- **Your instructions**:
With the exception of the pictures, write out the data below precisely.
-------- Provided material --------
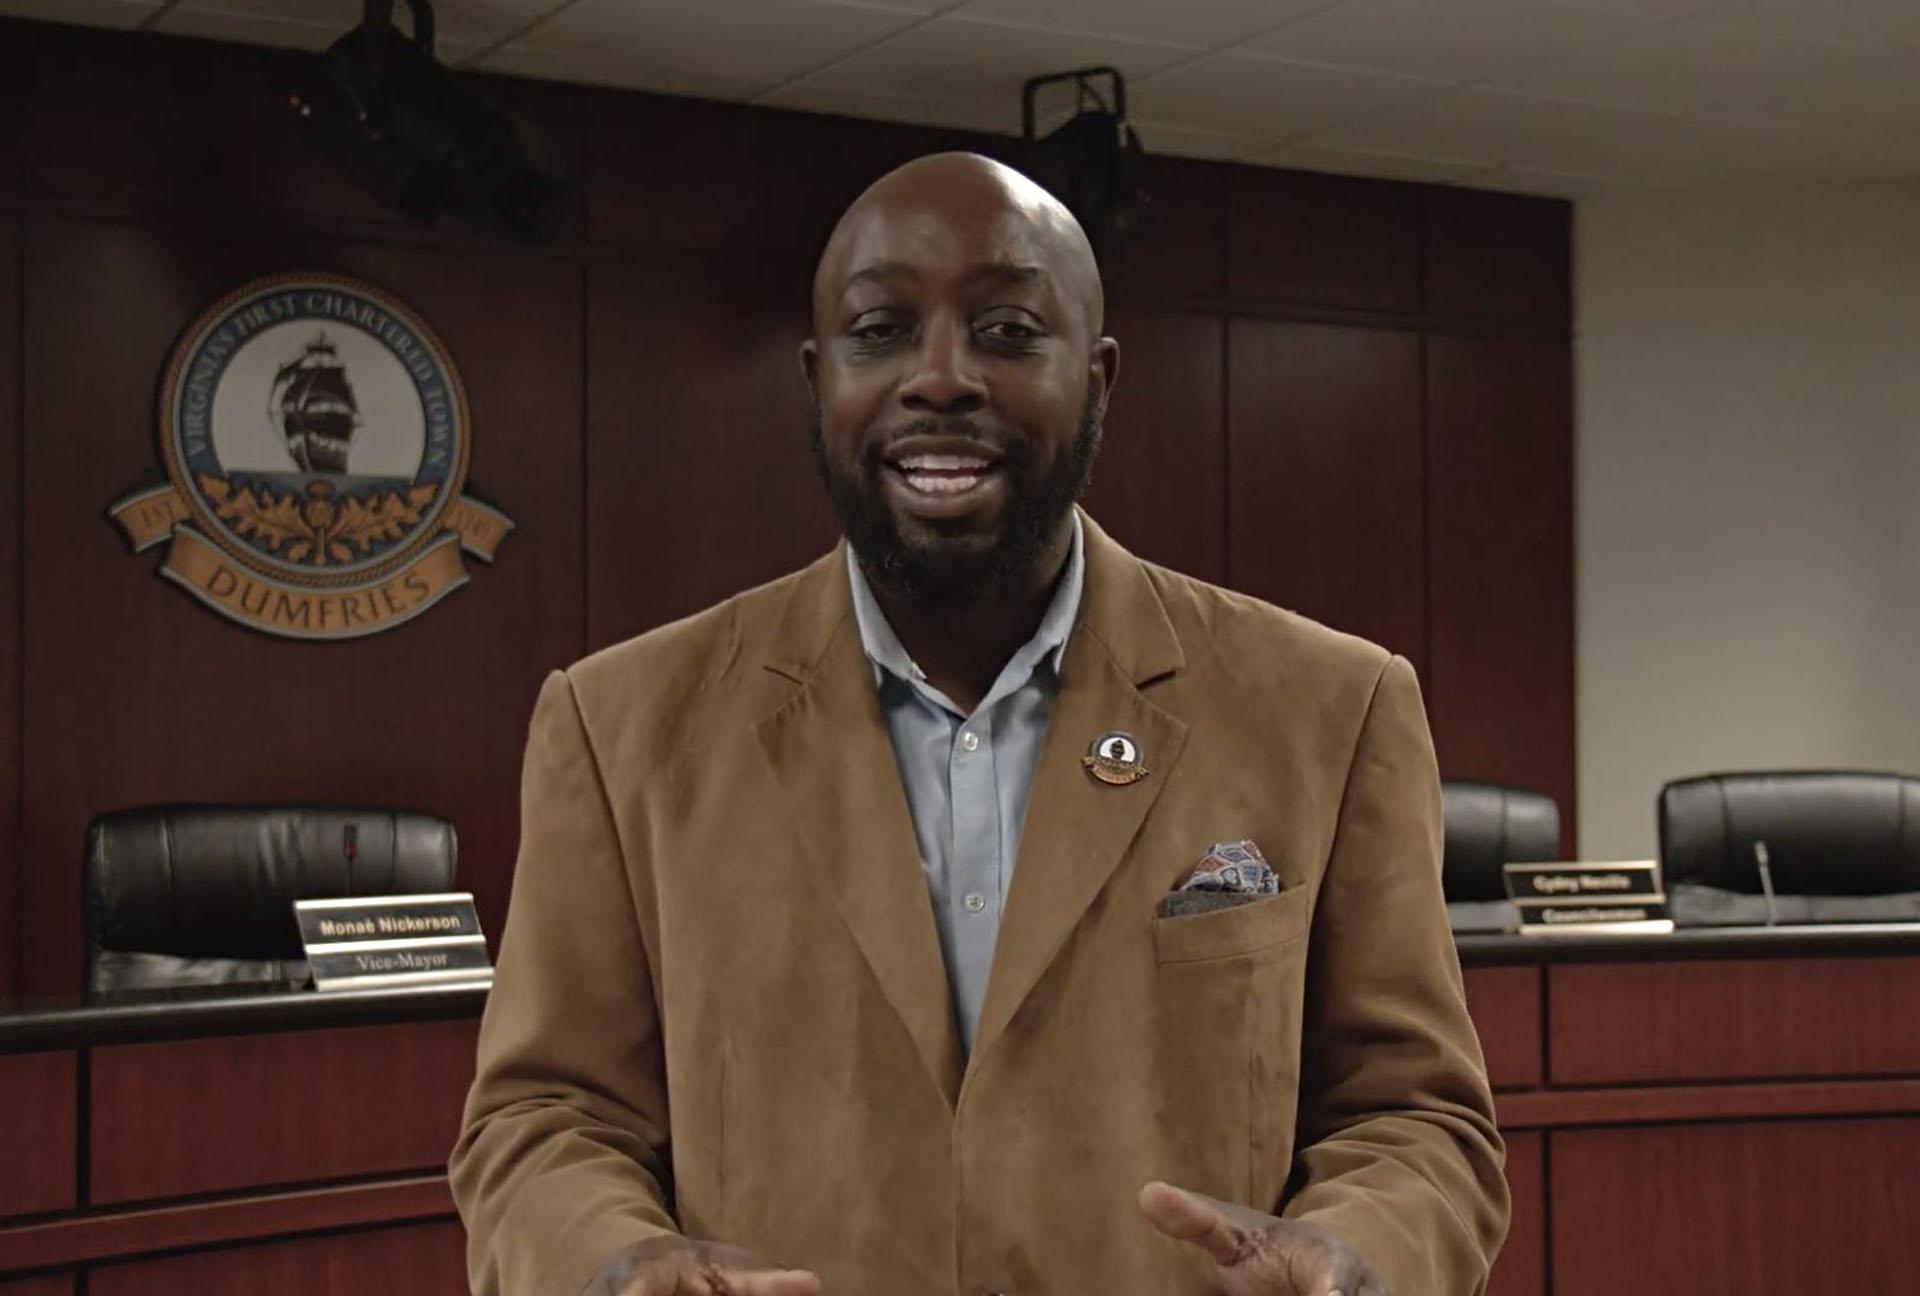 Mayor essay contest entries due Dec. 31
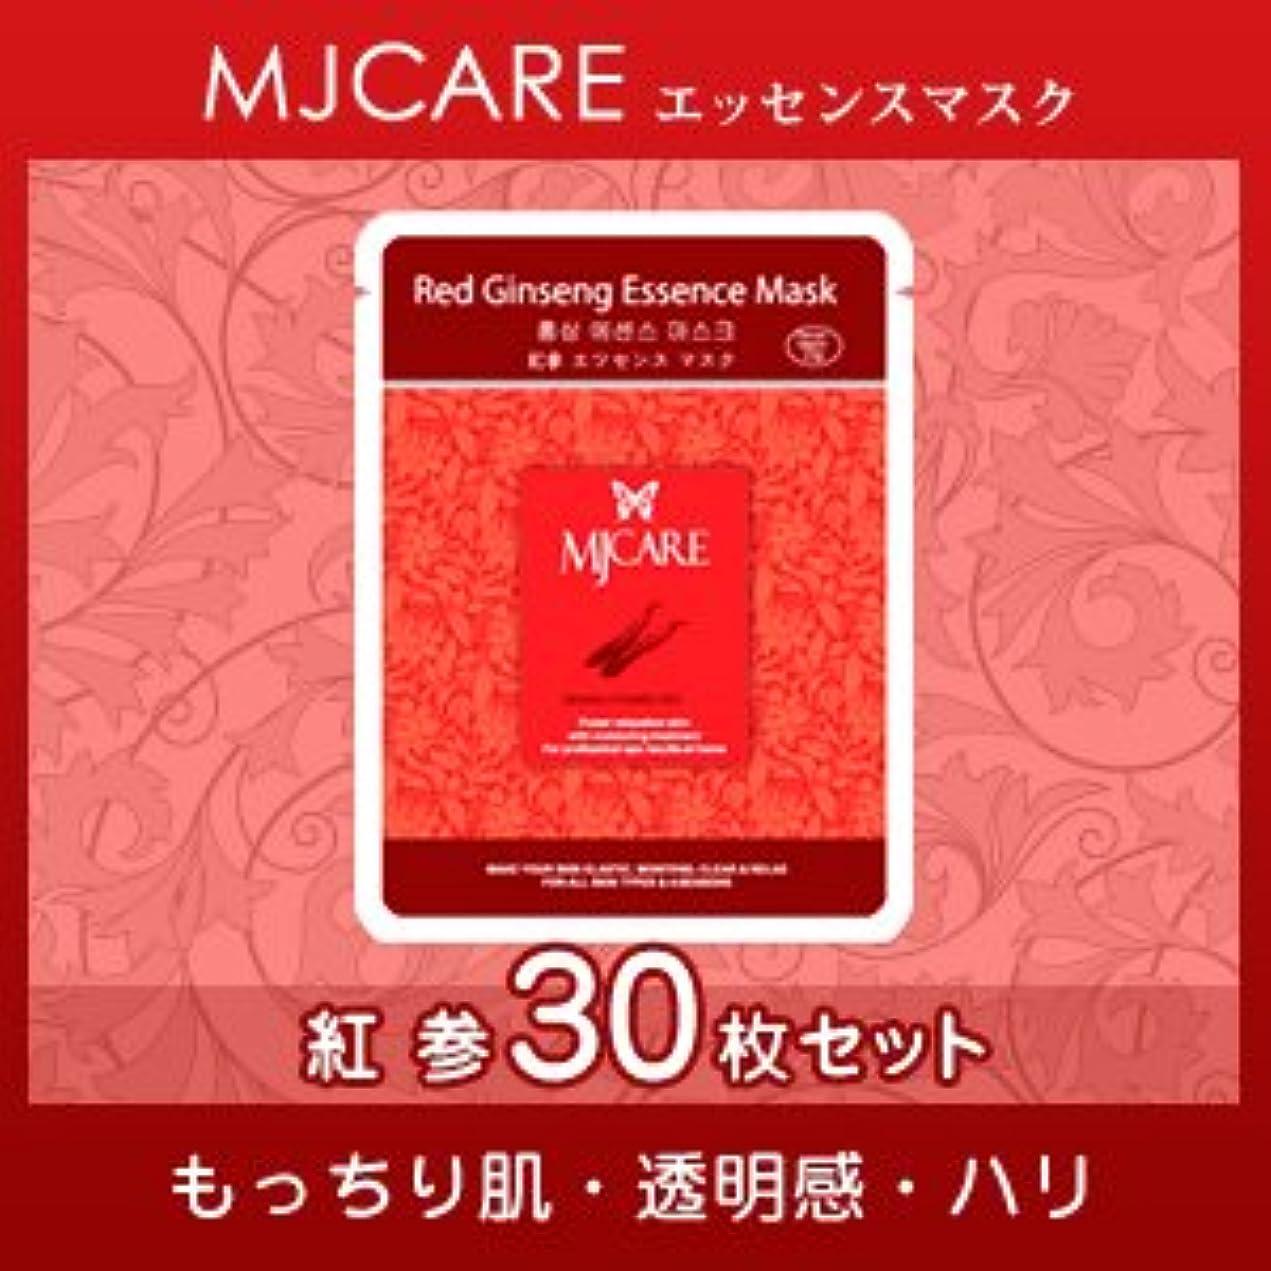 オリエンテーション一握り効率MJCARE (エムジェイケア) 紅参 エッセンスマスク 30セット
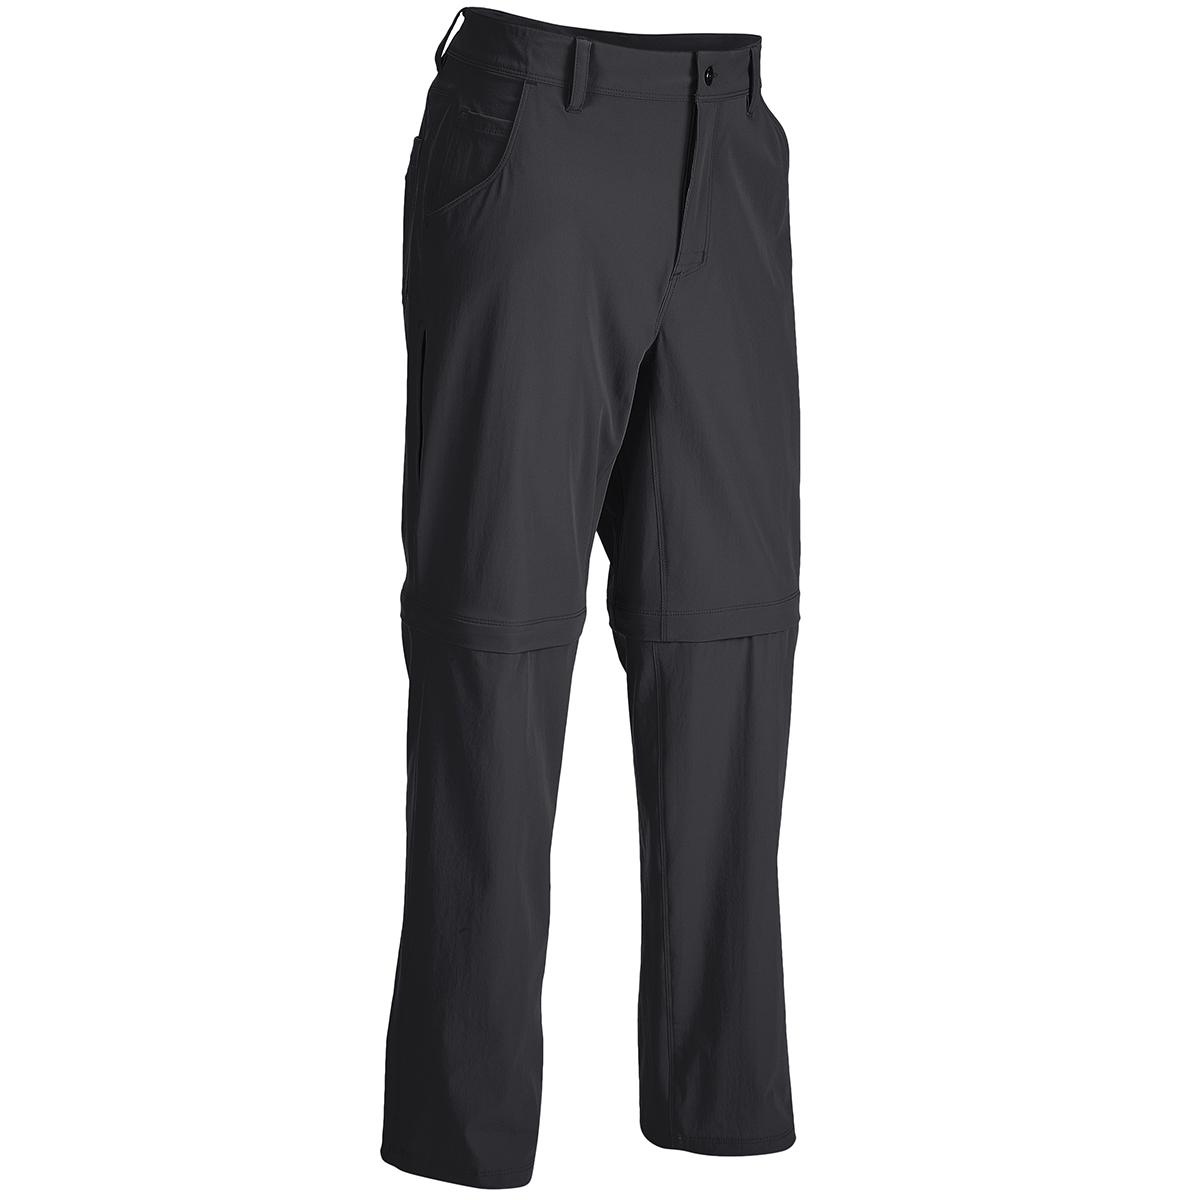 Ems Men's Compass 4-Point Zip-Off Pant - Black, 37
--------
- **Answer to this task**:
 Mayor essay contest entries due Dec. 31
 オリエンテーション一握り効率MJCARE (エムジェイケア) 紅参 エッセンスマスク 30セット
 Ems Men's Compass 4-Point Zip-Off Pant - Black, 37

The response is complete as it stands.